In a corner of a rectangular field with dimensions
Question:

In a corner of a rectangular field with dimensions $35 \mathrm{~m} \times 22 \mathrm{~m}$, a well with $14 \mathrm{~m}$ inside diameter is dug $8 \mathrm{~m}$ deep. The earth dug out is spread evenly over the remaining part of the field.
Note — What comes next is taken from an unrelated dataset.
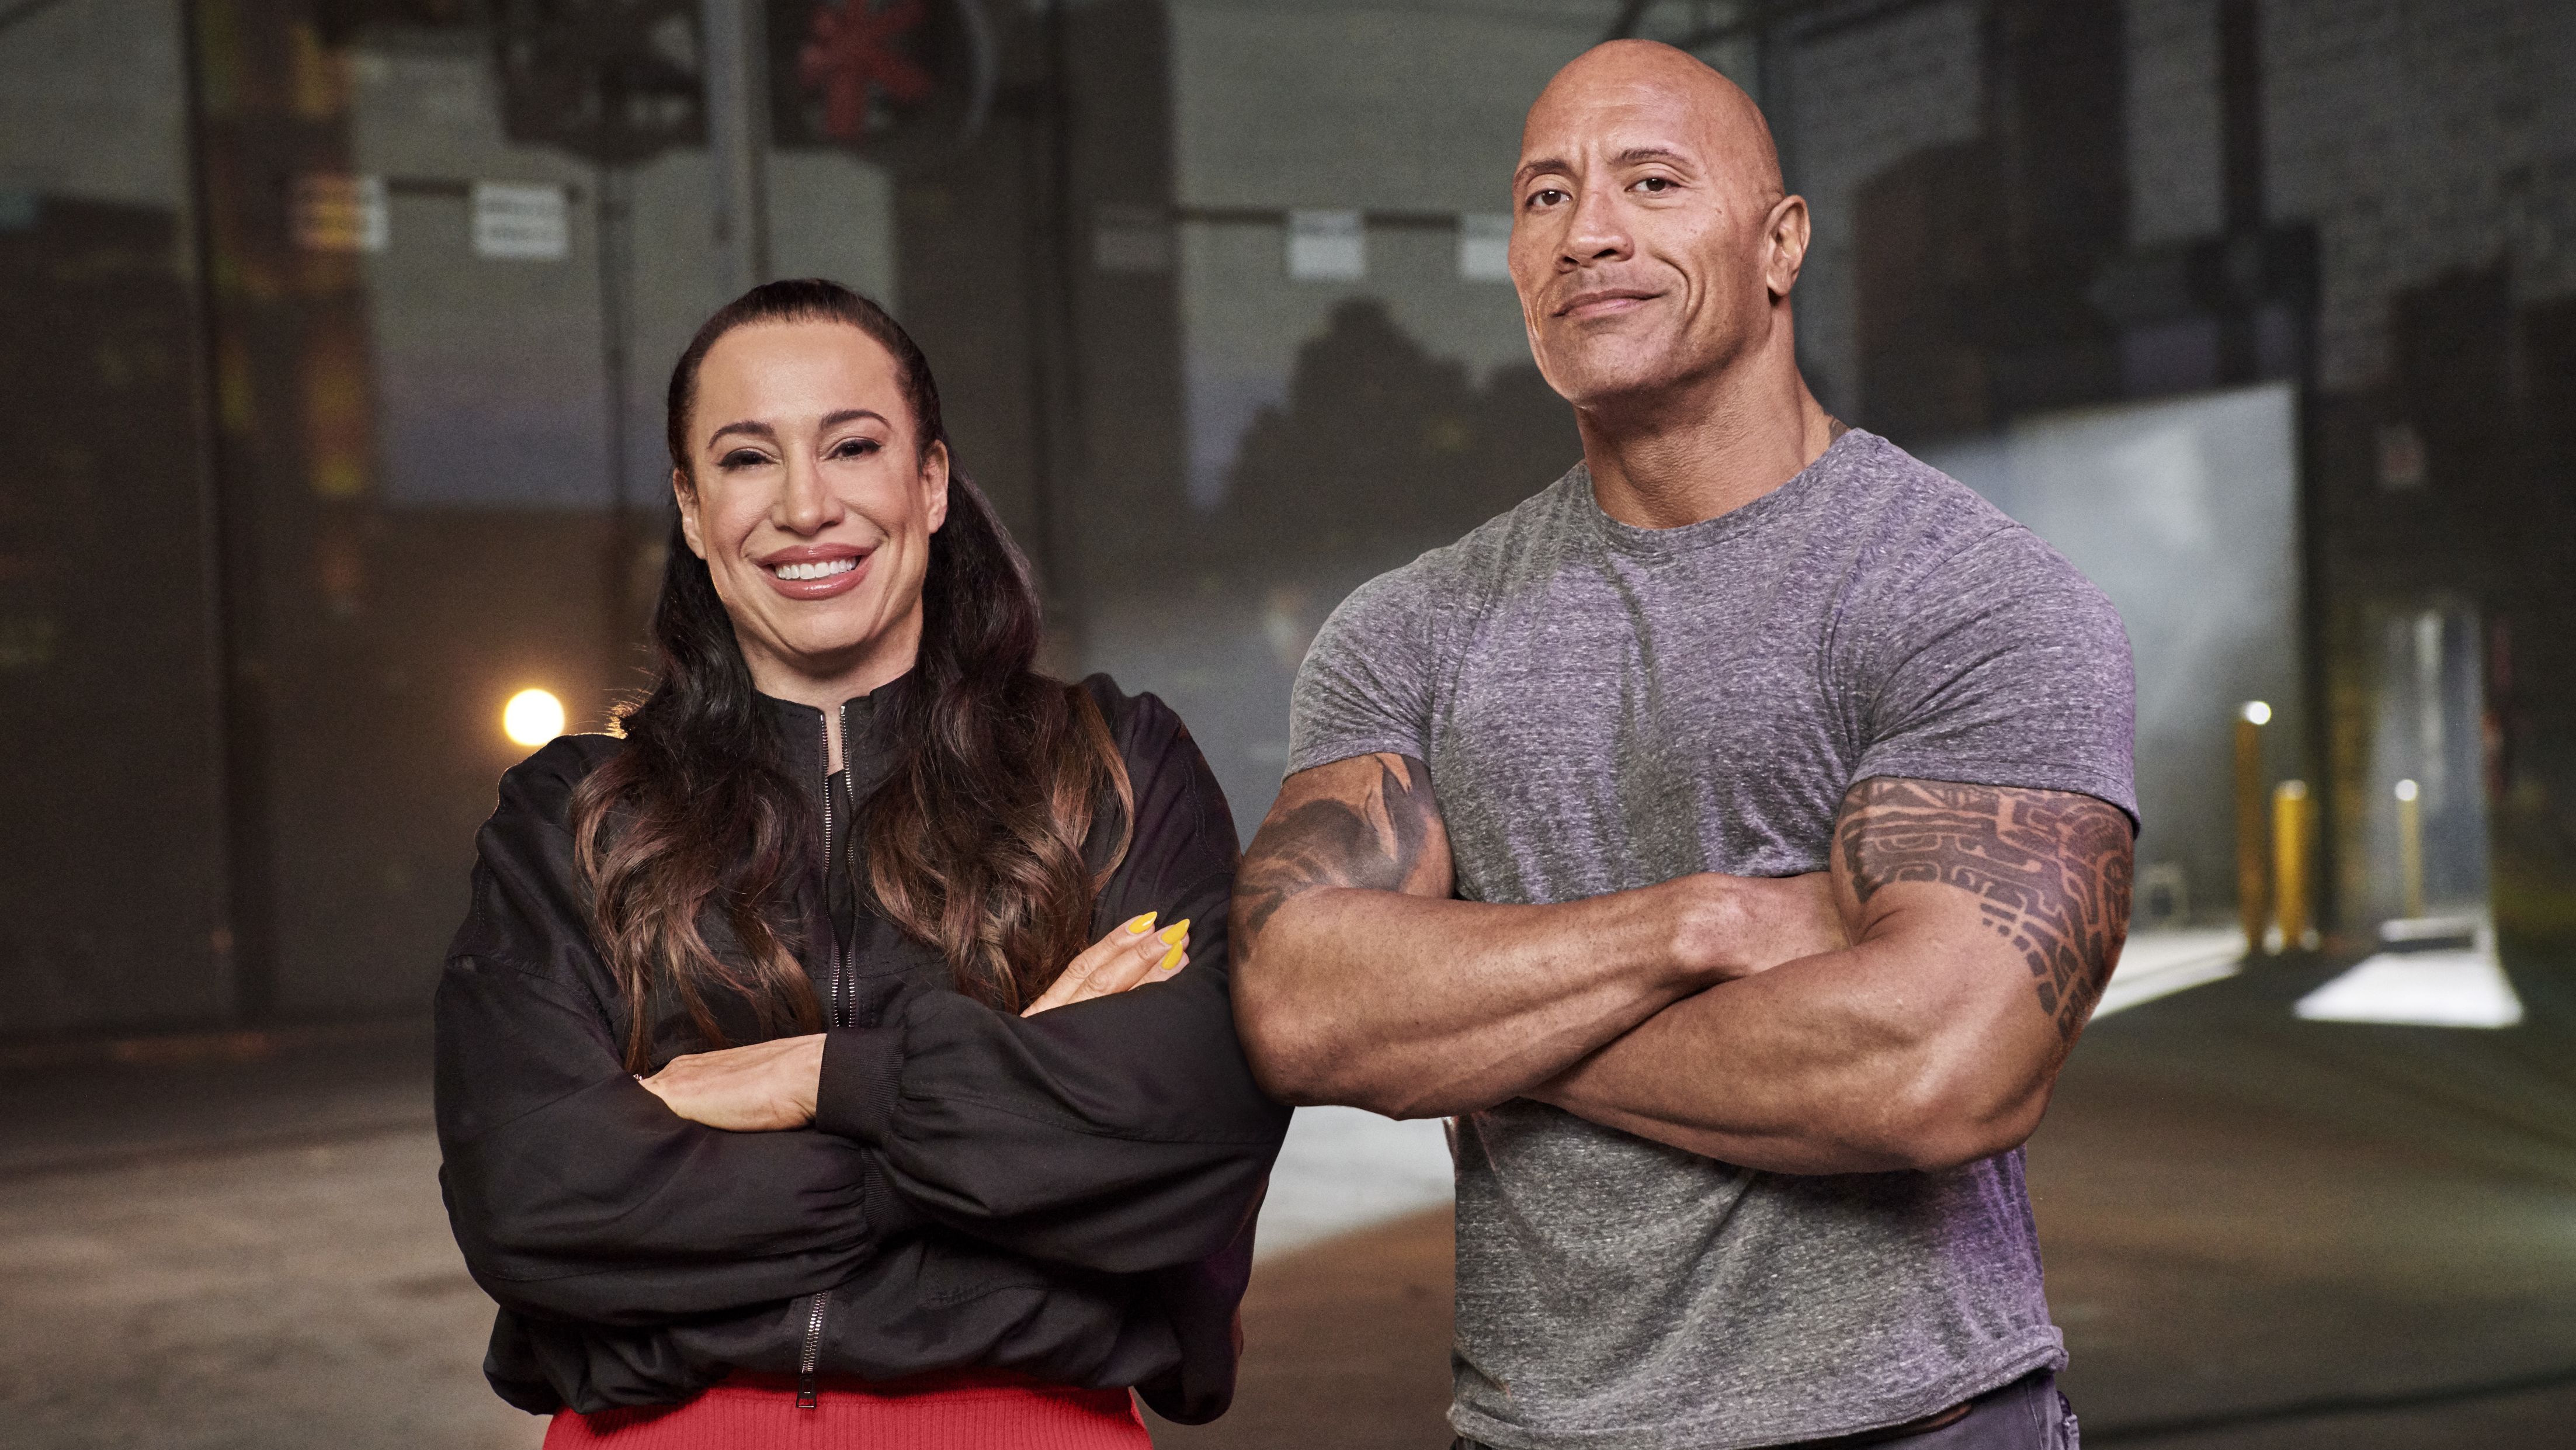 Dany Garcia and Dwayne Johnson are launching their own convention in 2020 called Athleticon that will highlight and celebrate athletics, wellness and entertainment.

Find the rise in the level of the field.

Solution:

We have,

Length of the fiel, $l=35 \mathrm{~m}$,

Width of the field, $b=22 \mathrm{~m}$,

Depth of the well, $H=8 \mathrm{~m}$ and

Radius of the well, $R=\frac{14}{2}=7 \mathrm{~m}$,

Let the rise in the level of the field be $h$.

Now,

Volume of the earth on remaining part of the field = Volume of earth dug out

$\Rightarrow$ Area of the remaining field $\times h=$ Volume of the well

$\Rightarrow$ (Area of the field – Area of base of the well) $\times h=\pi R^{2} H$

$\Rightarrow\left(l b-\pi R^{2}\right) \times h=\pi R^{2} H$

$\Rightarrow\left(35 \times 22-\frac{22}{7} \times 7 \times 7\right) \times h=\frac{22}{7} \times 7 \times 7 \times 8$

$\Rightarrow(770-154) \times h=1232$

$\Rightarrow 616 \times h=1232$

$\Rightarrow h=\frac{1232}{616}$

$\therefore h=2 \mathrm{~m}$

So, the rise in the level of the field is 2 m.